November 20th, 1901.[1]
One should never promise anything, even when it depends entirely upon oneself, because one can never tell beforehand what will happen. Never mind how honestly the promise is made, and how earnestly one desires to keep it, unforeseen circumstances may arise, which make its fulfillment impossible. There is a belief among us Javanese, that those who break a promise will be visited by a poisonous serpent. The serpent comes to remind them of their promise, if they do not quickly fulfill it, they will be visited by another more venomous serpent, whose bite is deadly. If they delay longer, misfortune will surely overtake them. The serpent only lives upon the promises of holy spirits, as the souls of the righteous who are dead are nourished by flowers, perfume and incense. The serpent is sent by the departed souls of the righteous to remind men of their forgotten promises. But why do I tell you of our Javanese beliefs? Forgive me, when there is so much besides that I want to tell you.

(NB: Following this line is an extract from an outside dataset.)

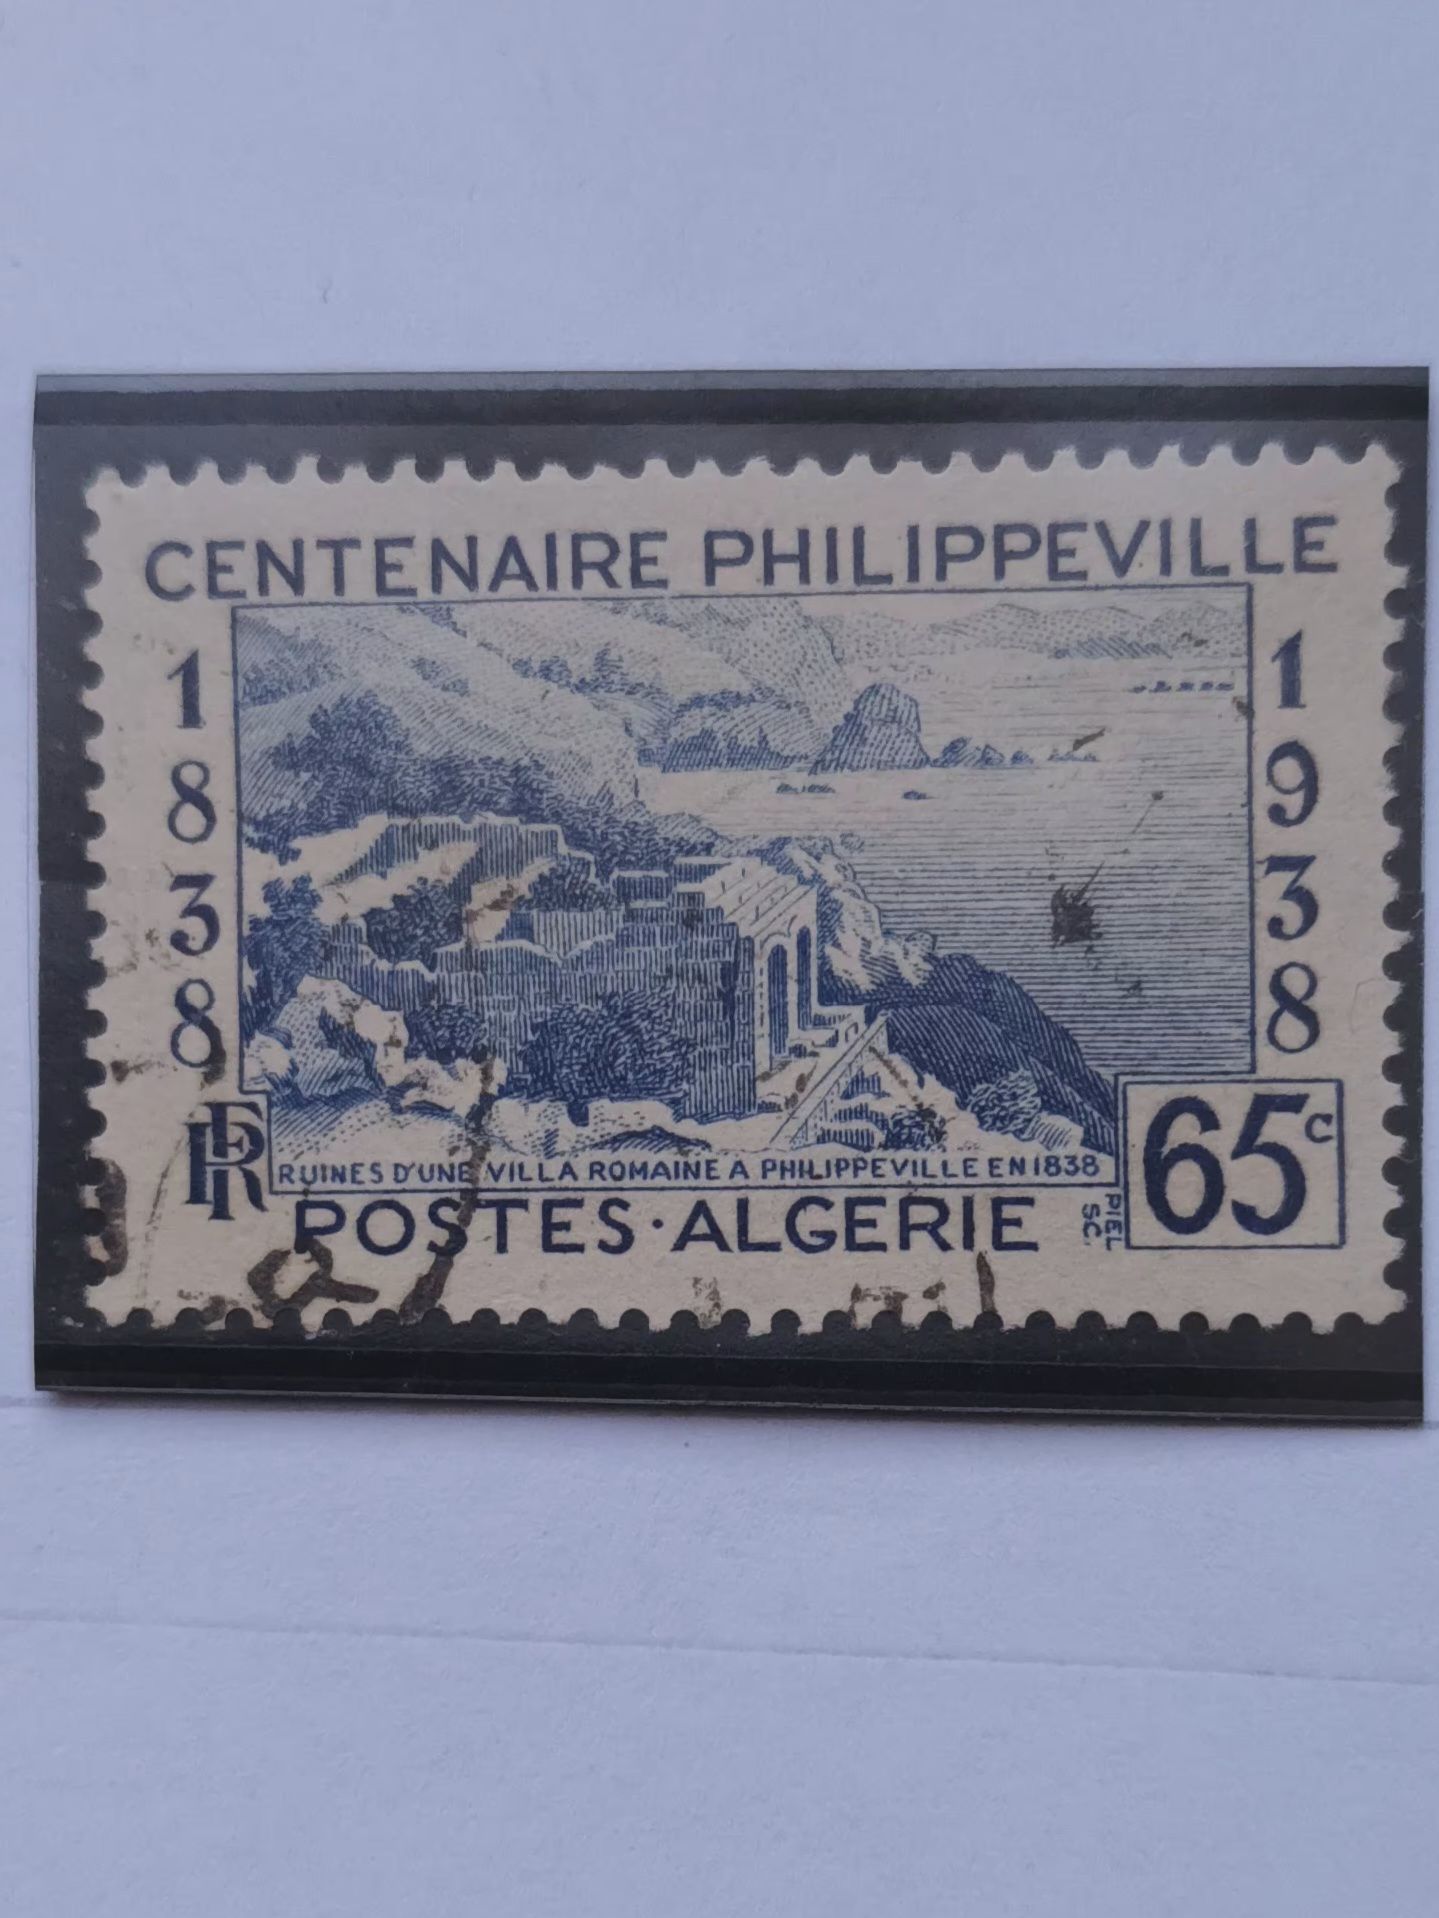 L26 -- TIMBRE OBLITÉRÉ ALGÉRIE, DÉPARTEMENT FRANÇAIS N °143 -- ANNÉE 1938 --" CENTENAIRE DE PHILIPPEVILLE : GOLFE DE STORA ET RUINES DE RUSSICADA".

I deserve a fine scolding for my long delay in writing; in large measure, it was due to indolence. I am not satisfied with myself! What makes me so lazy and restless? I do not understand it. I am not definitely sick, but at the same time I am far from well. I am dull, weary and uneasy; nonsense—hypochondria—there! I must seize hold of myself; it is work that I need—work that my heart is in. And now comes my stupidity; because I cannot work at that which I would, I turn with distaste from all other forms of toil. That is weakness, I know. But I could stand a whole avalanche of work better than these unbearable trivialities with which my time is filled.
[1] To Mevrouw Abendanon.
XXVIII
November 29, 1901.[1]
I fear that it made you both sad to read my last letter, and it will certainly please you now to learn that though there is no change in outward conditions, there is a change in us. It is no longer night in our souls; a great calm has descended upon us. And through darkness and mist we see the splendid light break, which beckons us with friendly hands. It is the light of our ideal! We know now that we shall never be able to cease from striving; it has grown to be part of our being—of our very existence. It is not only today or yesterday that we have felt and lived for our cause! We should have to be given new hearts, new brains, and new blood would have to be put into our veins before it would be possible for us to live for anything else.
I have thought and experienced all that you wrote me. Long ago, in the very beginning of our close association, I said many times to the sisters, I begged and implored them, to tear themselves loose from me, and not to allow themselves to depend so wholly upon me.
For who am I, presumptuous fool, to calmly lead and allow my little sisters to follow me? I am going on strange unknown ways, which will lead toward heaven, but must first take me down into hell. This last, much more easily than the first. Hell is near, and the way to it is lighted: but heaven is so far off and difficult to find.